Dryblower on the Mission Impossible awaiting Cutifani

HEADS he loses, tails he loses. Whichever way the coin lands for Mark Cutifani as he takes on the mining world’s equivalent of Mission Impossible with the revival of Anglo American, Dryblower reckons he cannot win, even if he succeeds in restoring the finances of the battered giant.
Dryblower on the Mission Impossible awaiting Cutifani Dryblower on the Mission Impossible awaiting Cutifani Dryblower on the Mission Impossible awaiting Cutifani Dryblower on the Mission Impossible awaiting Cutifani Dryblower on the Mission Impossible awaiting Cutifani


Tim Treadgold

The problem looks like this – if Anglo continues to decline while Cutifani is in charge then he has obviously failed.

If the company improves, predators will move in for the kill.

At best, the newly appointed chief executive officer of the once great flag carrier of South African mining can get a higher share price for jaded investors when control passes to a new owner.

The merging Glencore-Xstrata is the obvious bidder for Anglo, having already made a proposal to the Anglo board, only to be rejected.

In hindsight, Anglo’s shareholders are probably wishing the deal had been done. At least they would have seen the installation of a management team more interested in profits than the soft social issues which seem to dominate thinking at a business trapped in its past.

To understand that point – and to get a better understanding of the prediction about Cutifani’s Mission Impossible – you need to look at Anglo’s history and what it looks like today.

Back in 1984 when Dryblower first met the late Harry Oppenheimer in Johannesburg, Anglo controlled a huge proportion of the South African economy, operating multiple mining operations from gold to diamonds, as well as paper production and banking.

The company was, in simple terms, an enormous fish in a very small bowl that was about to be smashed by the end of the apartheid era and the rise of the so-called Rainbow Nation, which is how the modern South Africa likes to market itself.

But, as any student of business knows, it is awfully difficult for a business which has grown fat and lazy in a protected environment to succeed outside that environment.

In a nutshell that was Anglo’s problem.

As control of its homeland passed from a white tribe to an assortment of black tribes the company embarked on its equivalent of the Great Trek, moving out of South Africa to try its hand in the global village.

By any measure, Anglo’s trek into a more competitive world, where personal contacts no longer fix problems or deliver deals, has been a failure.

Its corporate culture was misaligned, perhaps a result of decades in the phoney world of apartheid and perhaps because its way of doing business was not appropriate in other countries.

Today, Anglo is better at dealing with the world outside of South Africa but its roots remain embedded in a deeply troubled country where it has major investments in platinum, coal, iron ore and diamonds – the De Beers business built by Harry Oppenheimer’s father, Sir Ernest, before he created Anglo American in 1917 – a name chosen during the first world war to mask his German origins.

Somewhat amusingly, Anglo American was neither Anglo (British) nor American.

Cutifani inherits this mishmash of history and a company which remains tied in many ways to its South African roots.

This worries international investors because of the outbreak of troubles in its platinum mines, as much as problems in a number of overseas projects which appear to have suffered from the inability to export South African mining and management culture.

In Australia, Anglo is banging its corporate head against a government hell-bent on taxing the life out of mining, especially coal mining.

In Chile, he has a simmering dispute with the government of that country over a copper venture and in Brazil he has a major iron ore project which is spectacularly over-budget and behind schedule, sparking a suggestion from the investment bank, Barclays, that Cutifani simply walk away, saving the next $US5 billion in capital required to finish the job.

On the London stock market, Anglo shares have been in recovery mode over the past few months when it became known that a new CEO was on the way and the incumbent, Cynthia Carroll, was heading for the exit.

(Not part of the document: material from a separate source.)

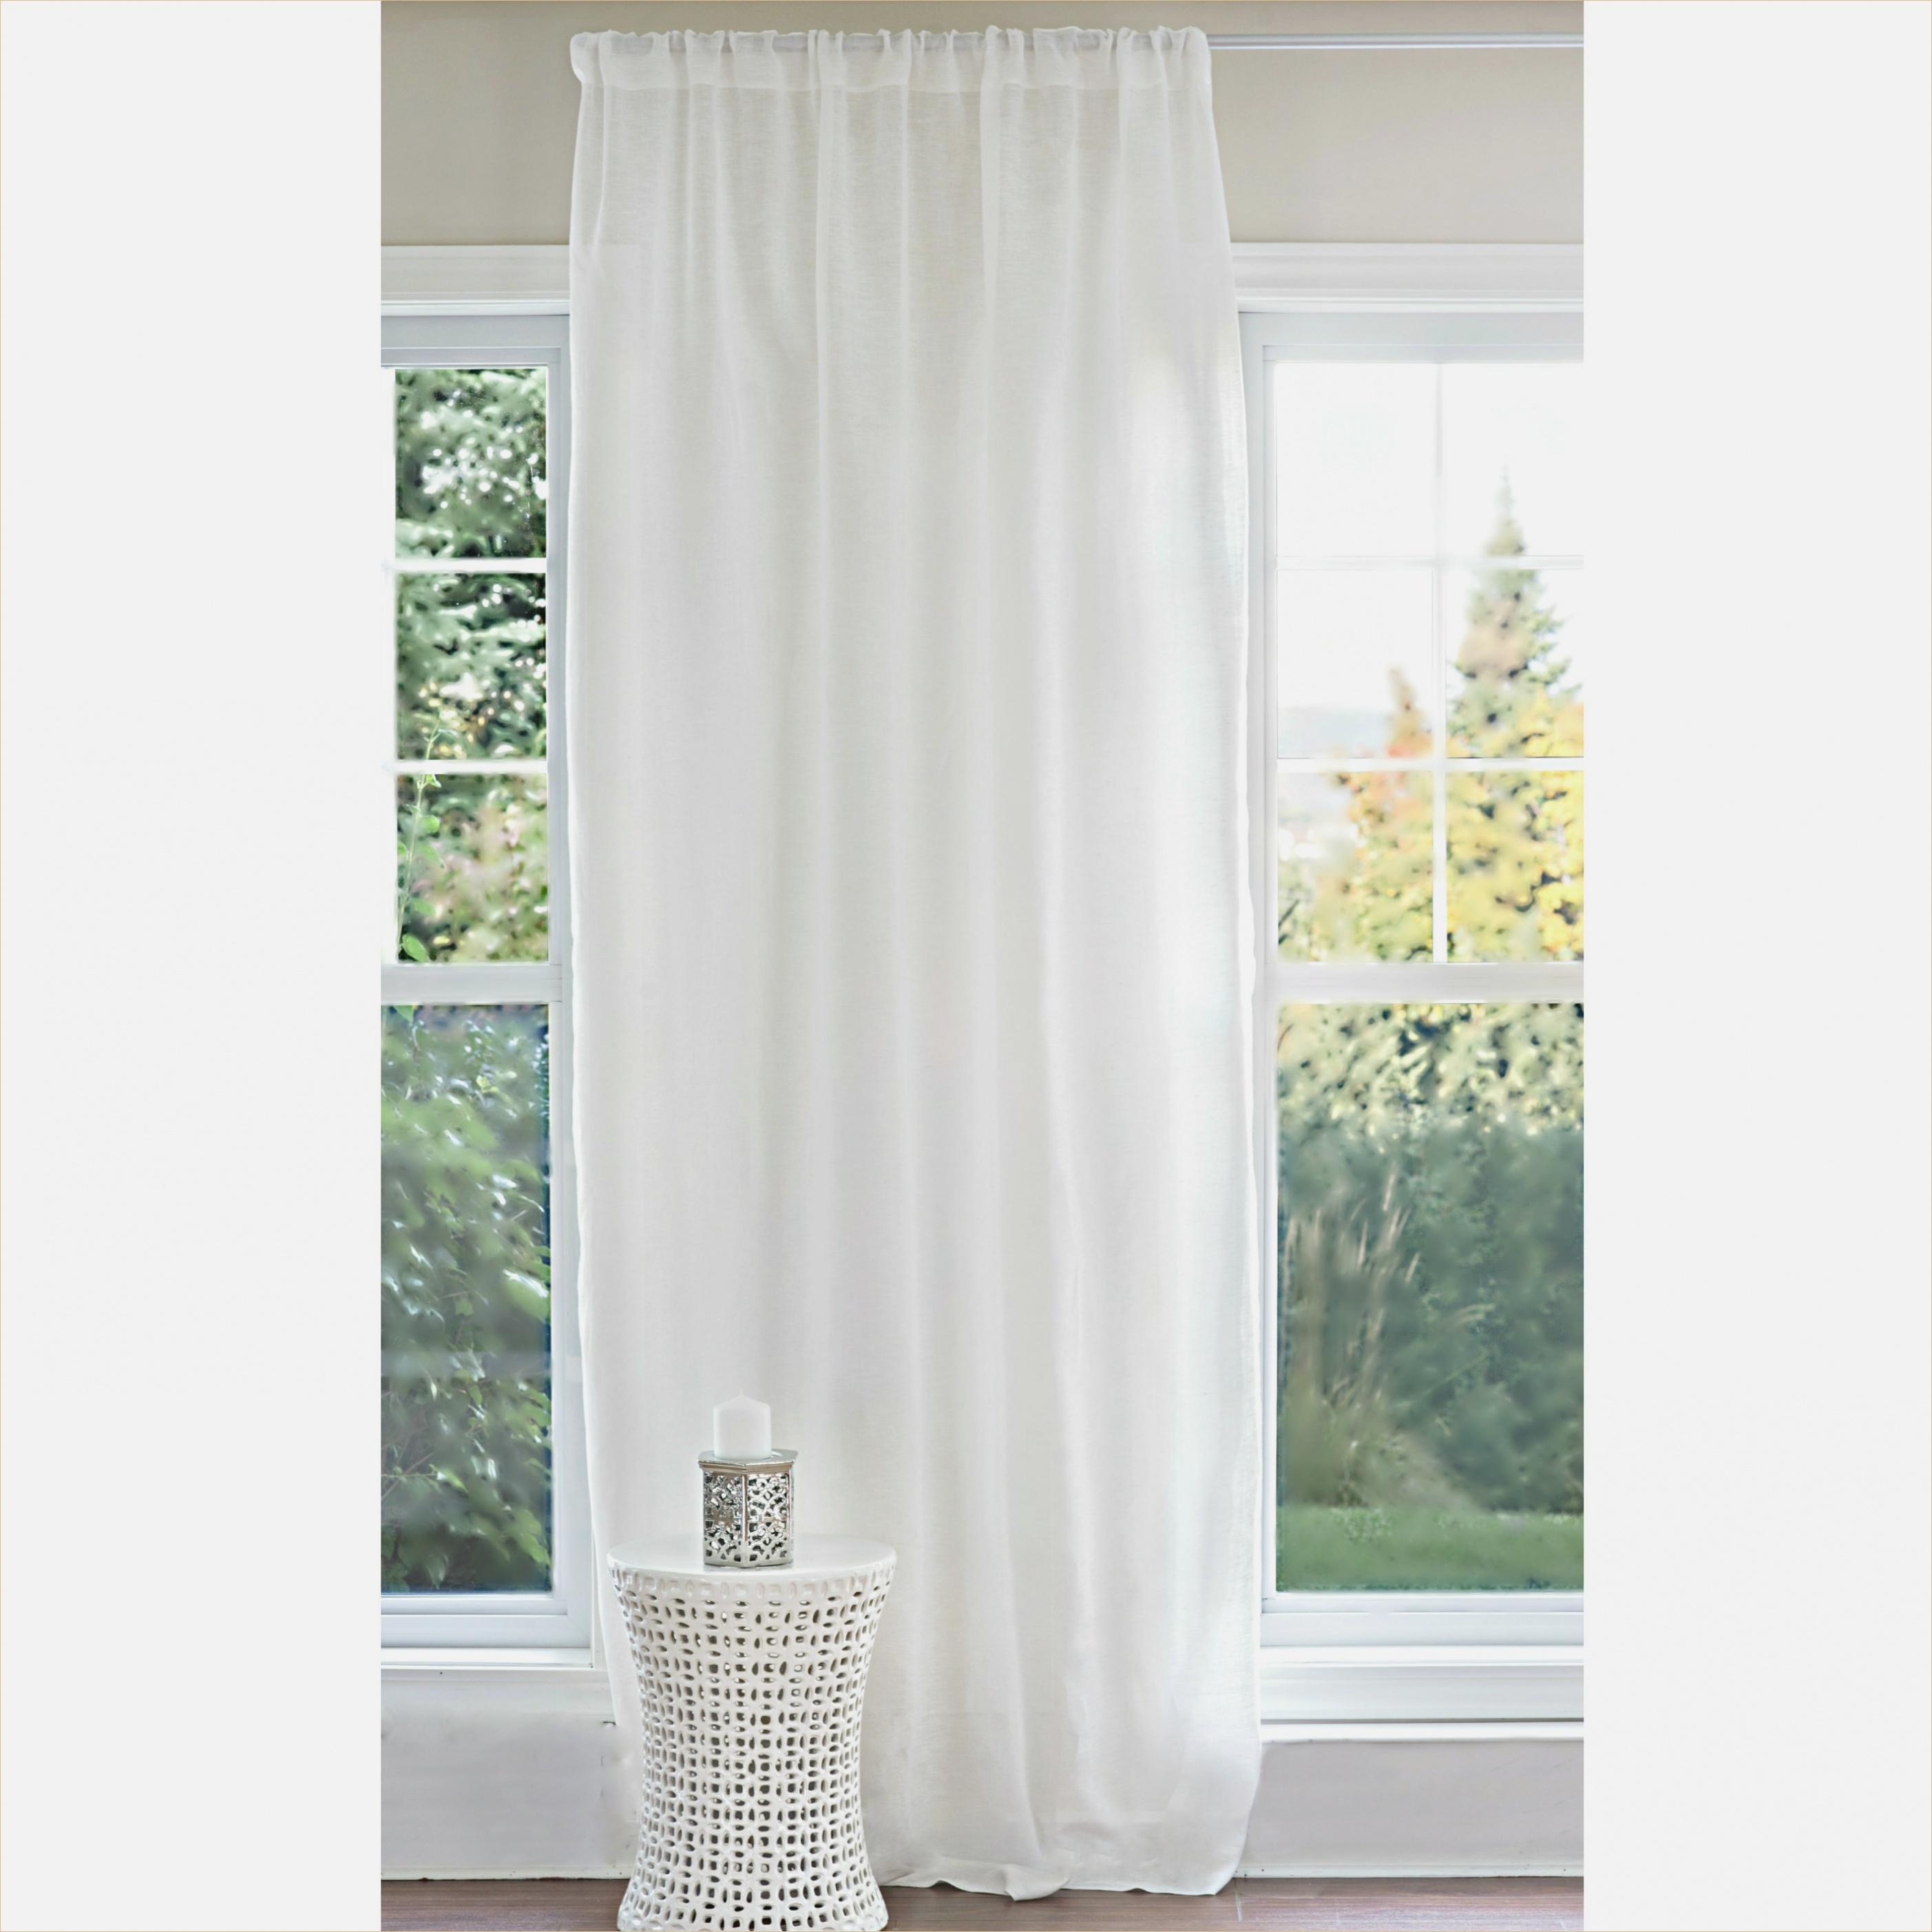 Brise Bise Ikea Élégant Collection Maha Di White Linen Curtain Inizio Mahagranda

Testing the differences between Carroll and Cutifani will be the job of investors and the value they put on Anglo.

But, another more interesting way devised by Dryblower will be to listen to Cutifani’s early talks as Anglo CEO to judge whether he can sever the roots which tie the company to South Africa.

The starting point for that test is to look at the titles of the talks and speeches given by Carroll in her last 12 months in the top job.

They are dominated by social, safety and sustainability issues – not about making money, which is what investors outside South Africa want to hear.

“Anglo American’s safety journey”, a topic of one of Carroll’s talks last year makes the point and if not convinced try “Occupational health and primary health care”, or “Corporate citizenship for a new world”

These issues are undoubtedly important issues in Africa but not as important in the rest of the world where the roots are not entangled in apartheid era wrongs, or the ongoing attempts to right those wrongs.

For Cutifani, the job might actually boil down to this: stop running Anglo American as a grand experiment in social engineering and start running it as a business – or is that impossible without severing the roots by making a full exit from South Africa?